O que torna possível esse reconhecimento ou mudança é a ruptura com o background, ou pano de fundo que sustentava anteriormente uma perspectiva “ingênua” e possibilita a substituição dela por uma estrutura “reflexiva”. A passagem de uma para outra só foi possível pela mudança de background, isto é, de todo o contexto que sustentava e sustenta cada uma das duas perspectivas. Assim, a fé em Deus, como afirma o autor, não é mais axiomática; e crer em Deus hoje não é mais como em 1500 ou 2000. O autor nesse ponto se interroga acerca da razão pela qual a sociedade passou de uma condição na qual as pessoas viviam ingenuamente por meio de uma cosmovisão teísta, para outra na qual a descrença tornou-se a principal opção padrão. Isto significa interrogar-se acerca do desaparecimento da estrutura “ingênua” e o surgimento da estrutura “reflexiva”.
Segundo Taylor, foi a chegada do humanismo exclusivo como uma opção disponível que possibilitou toda essa nova condição. Esse humanismo é antropocêntrico e se define como a medida de todas as coisas, parafraseando Pitágoras. Trata-se de uma perspectiva da vida que se concentra na capacidade do homem em construir para si um mundo livre e autônomo de Deus ou do sagrado como explicação da existência. Essa perspectiva que se desdobra ainda mais entre os filósofos da suspeita reafirma, se não a “morte de Deus, seu completo banimento do mundo.
Conclusão
Entre as contribuições mais significativas do autor está o conceito de secularidade como um processo ad intra em vez de ad extra em relação à religião.
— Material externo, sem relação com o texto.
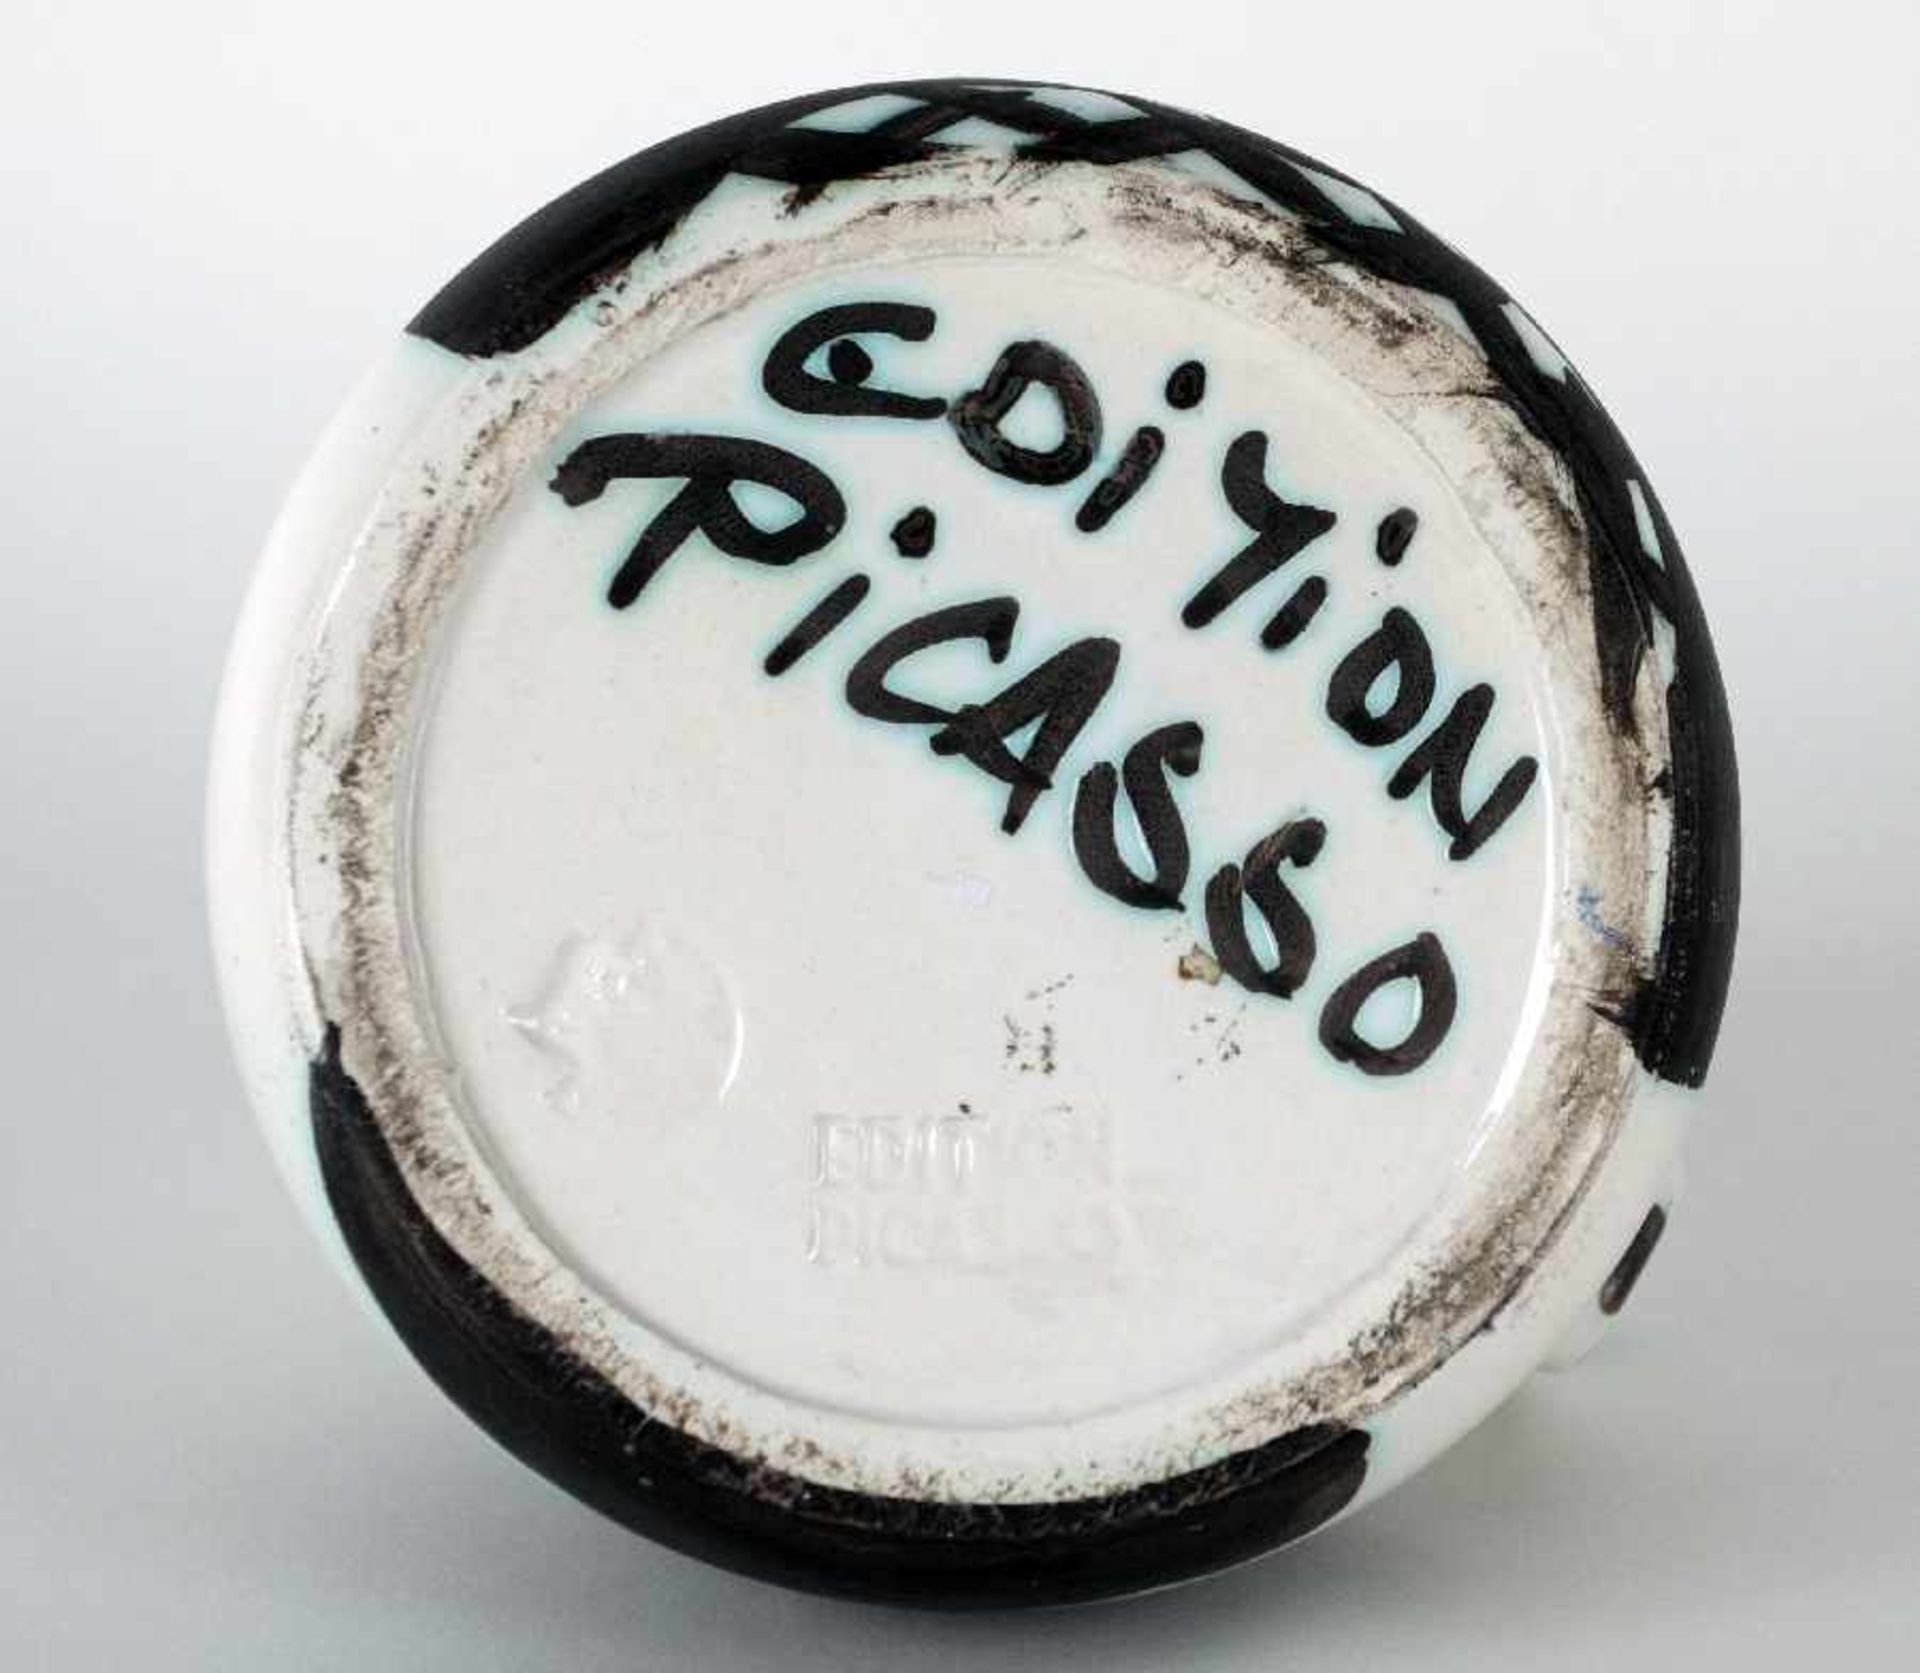 Pablo Picasso1881 Malaga - 1973 MouginsPichet tourné (Henkelkanne)Keramik, gebrannt und bemalt, - Bild 3 aus 3

Até então alguns autores trataram da secularidade como exterior e mesmo contraposto à religião, Taylor, entretanto, a situa como um processo intra-religioso. Isto significa afirmar que a intensidade da secularidade está intrinsecamente relacionada à intensidade com que a religião se manifesta na sociedade. Para Taylor, portanto, a secularidade consiste em novas condições de crença; em uma nova feição da experiência que incita a crença e é definida por ela, em um novo contexto no qual toda busca e todo questionamento acerca do moral e do espiritual devem ser conduzidos. Haveria lugar ainda para se destacar alguns conceitos caros para o teórico, como por exemplo: “contexto de compreensão”; “plenitude”; “religião”, além de analisar a questão fenomenológica no escrito.